Task brief: Beginning at the line that contains "pumpkin breakfast croissants", reproduce the entries below exactly, ending with the line that contains "Sanya Kantarovsky - Little". Omit each picture.

Entries provided:

* * * * *

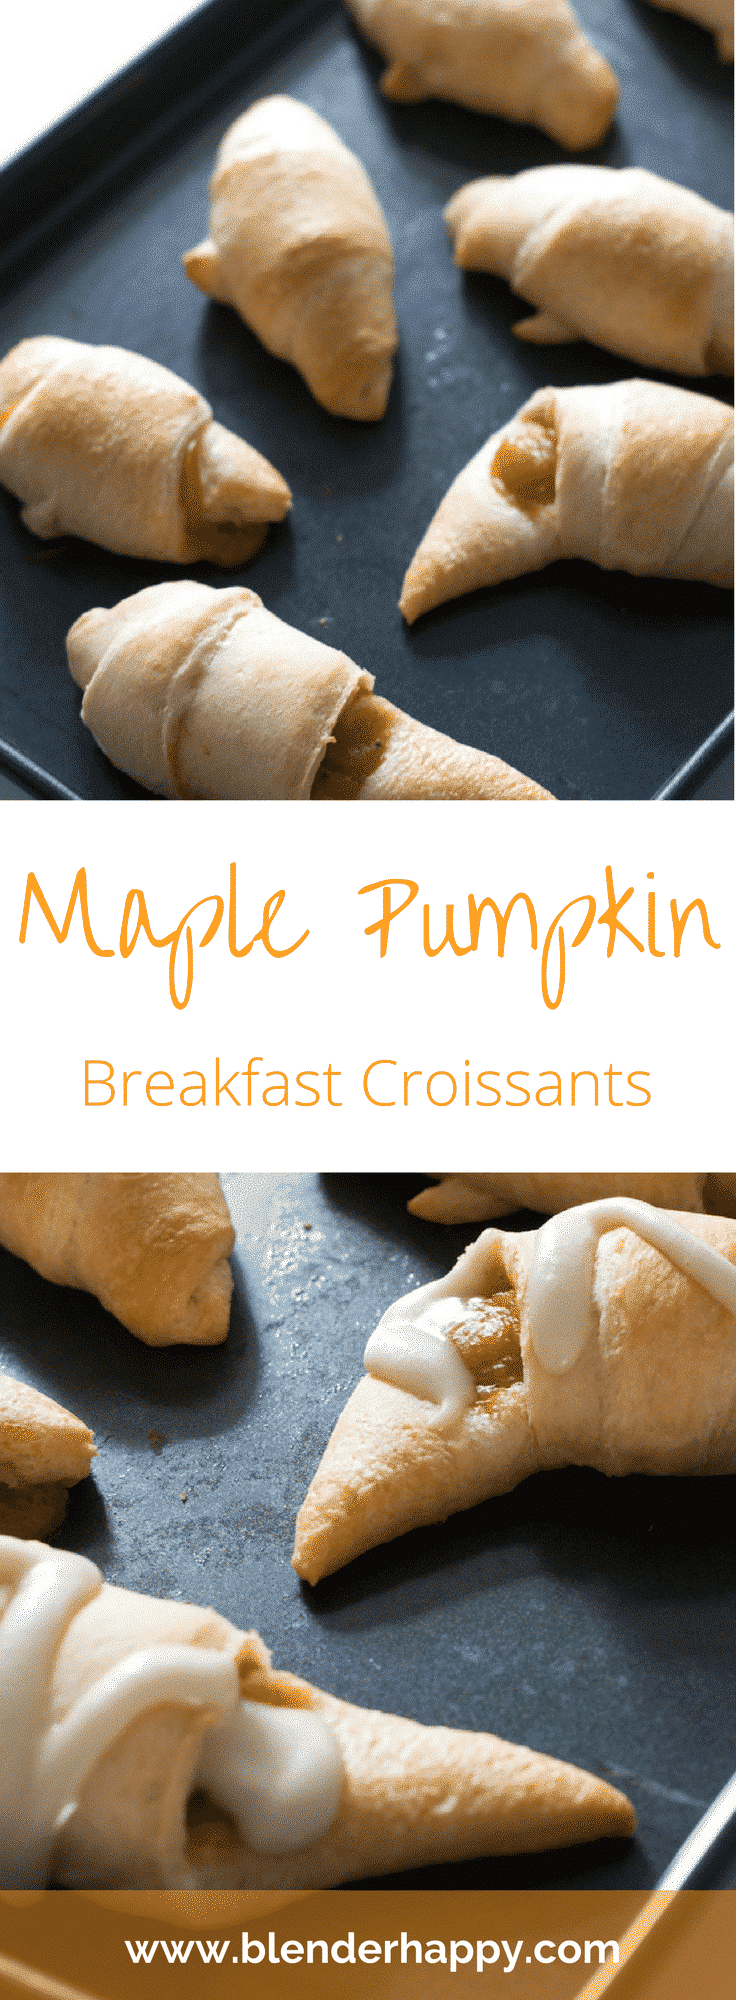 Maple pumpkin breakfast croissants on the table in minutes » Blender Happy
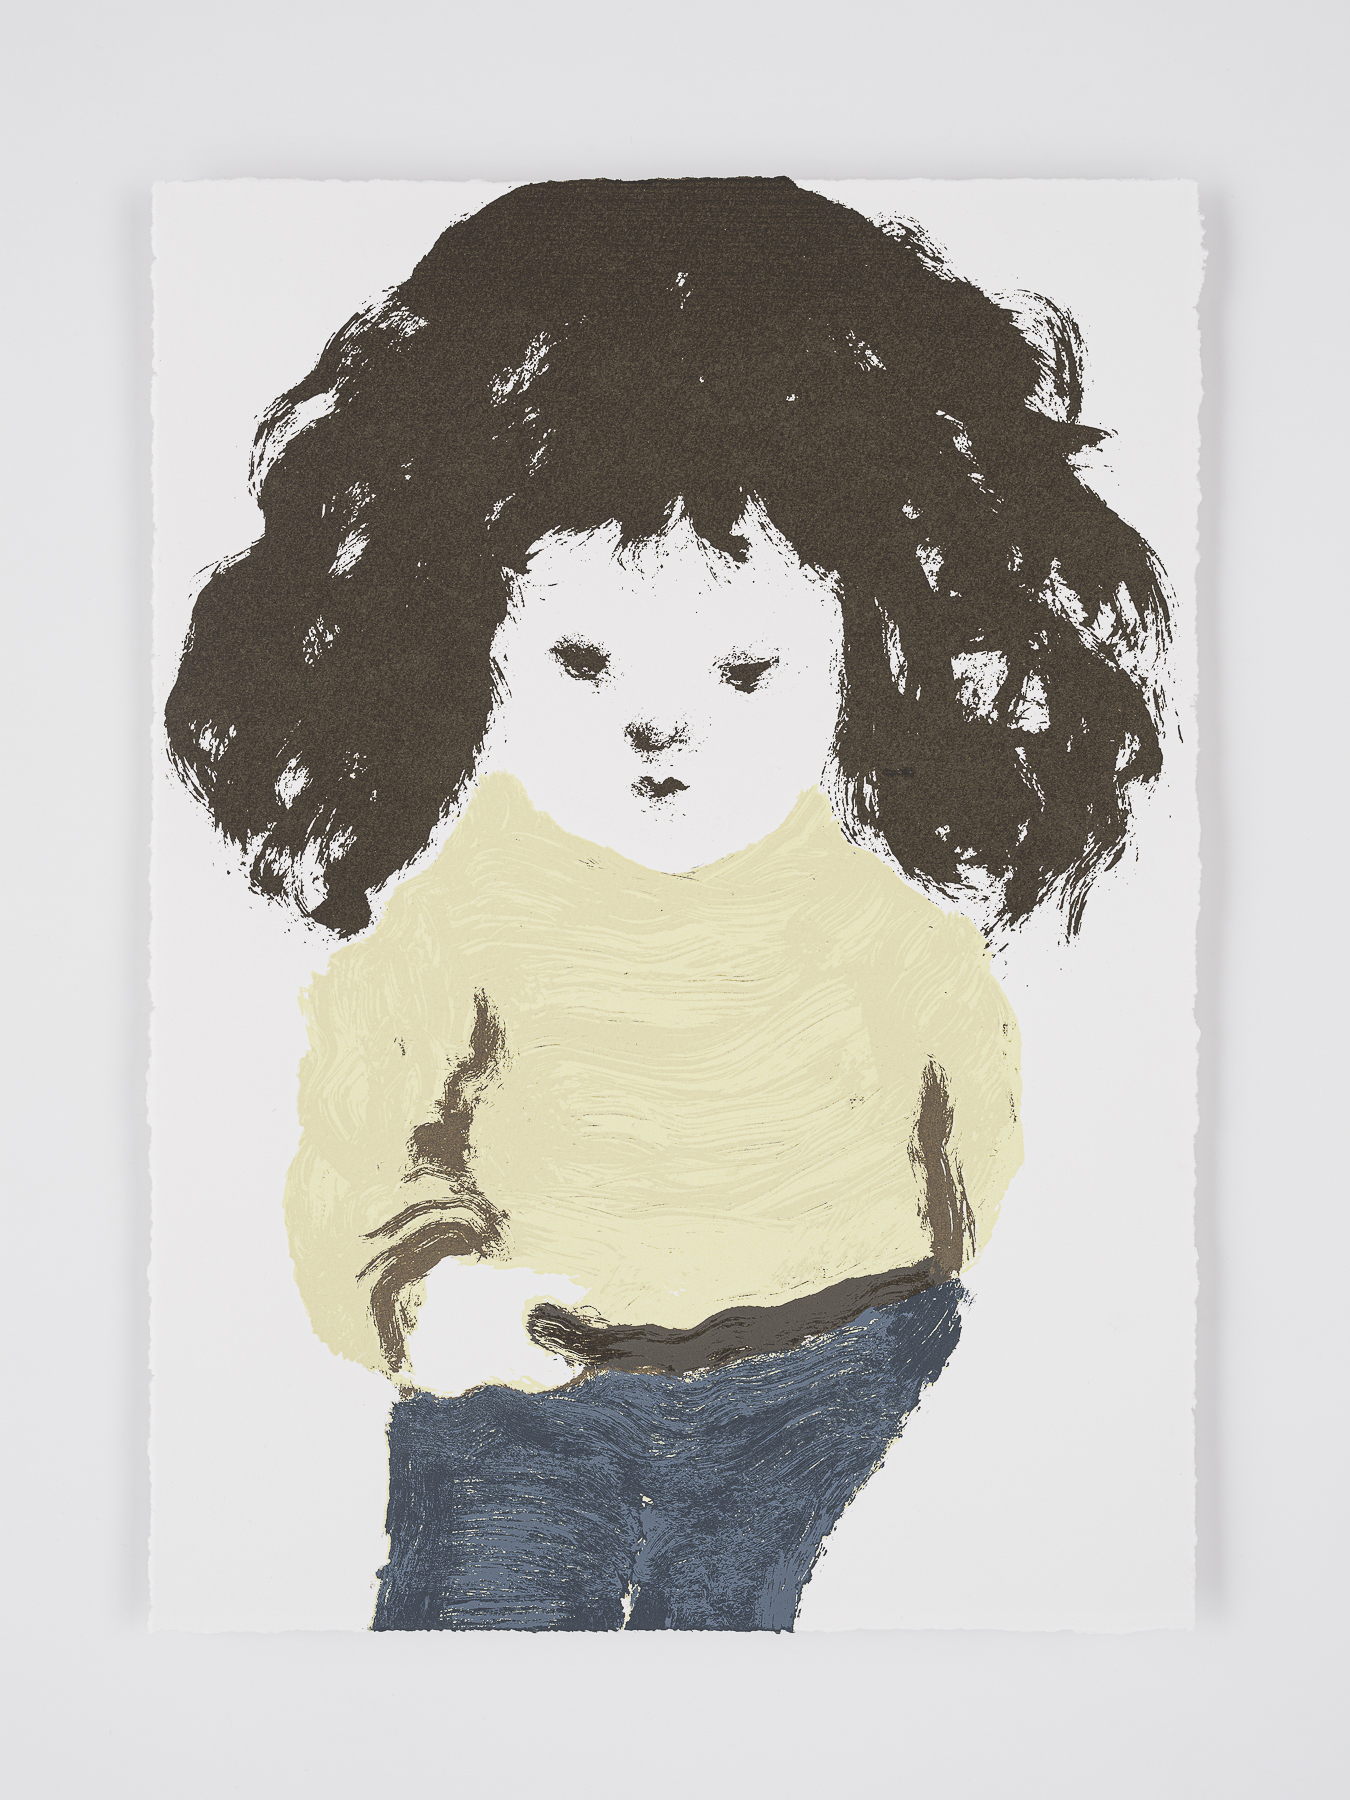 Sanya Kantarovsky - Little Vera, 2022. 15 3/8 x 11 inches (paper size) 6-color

* * * * *

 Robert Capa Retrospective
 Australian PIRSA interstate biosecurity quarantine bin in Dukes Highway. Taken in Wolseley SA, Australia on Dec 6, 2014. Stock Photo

* * * * *

Written response:
 Maple pumpkin breakfast croissants on the table in minutes » Blender Happy
 Sanya Kantarovsky - Little Vera, 2022. 15 3/8 x 11 inches (paper size) 6-color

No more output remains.